05-11-07 by dugan
Insider tells us there are signs the spike in California is damping down. And in a few weeks, we might be paying "only" $3.35 a gallon. (We should be paying no more than $2.40: see argument below Insider’s post)
"During price spikes, the wholesale prices shoot up dramatically and the effect is that sometimes one firm or another will get too far ahead or behind the others within certain towns or marketing zones due to all the confusion. Reports from dealers show the companies are adjusting wholesales up and down in small increments within cities or zones. This leads me to believe the overall price is topping out on gasoline in California. The small adjustments usually mean the companies are aligning their prices locally within cities to match the competitors.
"I predict the price spike has peaked and prices will level off and then, fall from 5-10 cents over the next 2 weeks. We should sit about there until late June when the summer drive kicks in."

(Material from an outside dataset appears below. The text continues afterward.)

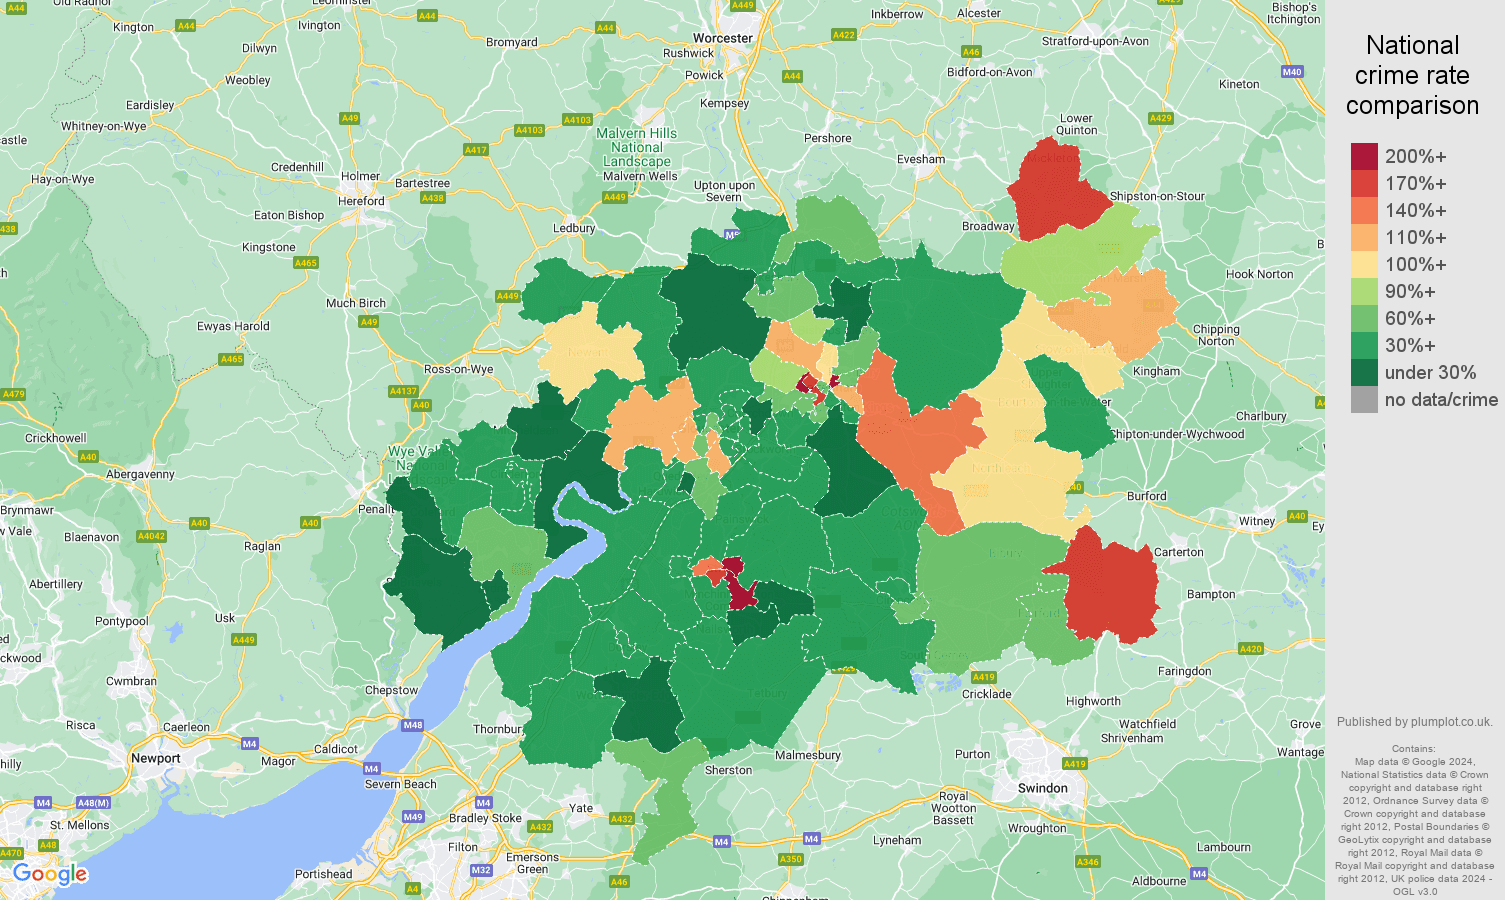 Gloucester vehicle crime rate comparison map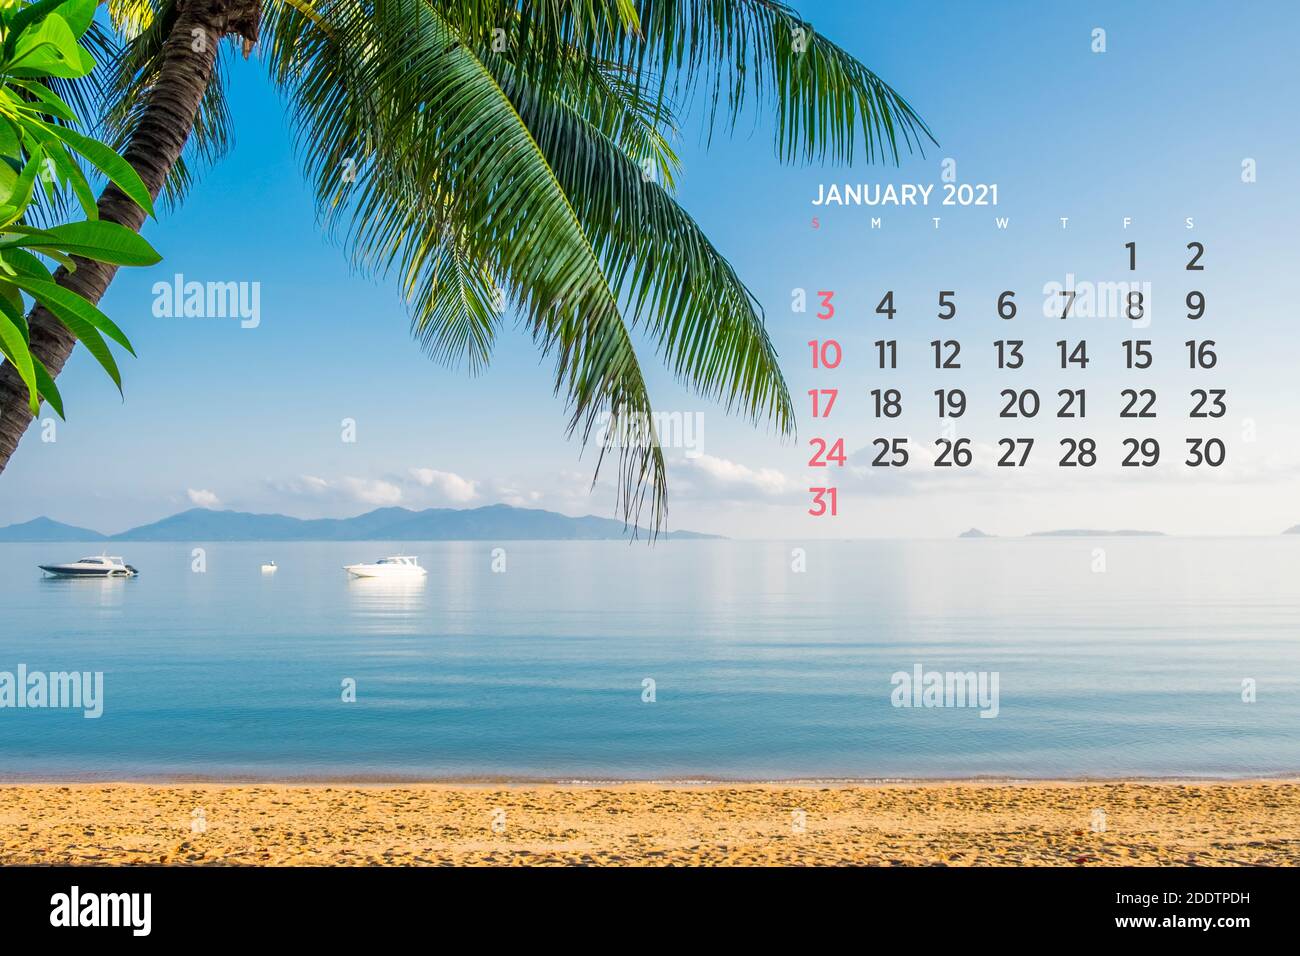 Calendar January 2021. Sea, ocean, beach, tropical, nature theme. A2. 60 x 40 cm. 15.75 x 23.62 inches Stock Photo

Wow. $3.30 gasoline is the "new normal’? Here’s something to gnaw on: Last November, as prices bottomed out nationally at $2.20 a gallon during Election week, crude oil was about $60 a barrel. Now it’s $62 a barrel, about a 4.5 cent-a-gallon difference. That means prices of $2.25 nationally and, given the historic 15-cent difference, $2.40 in California, would be more like the real normal. Even then, we thought the price was high.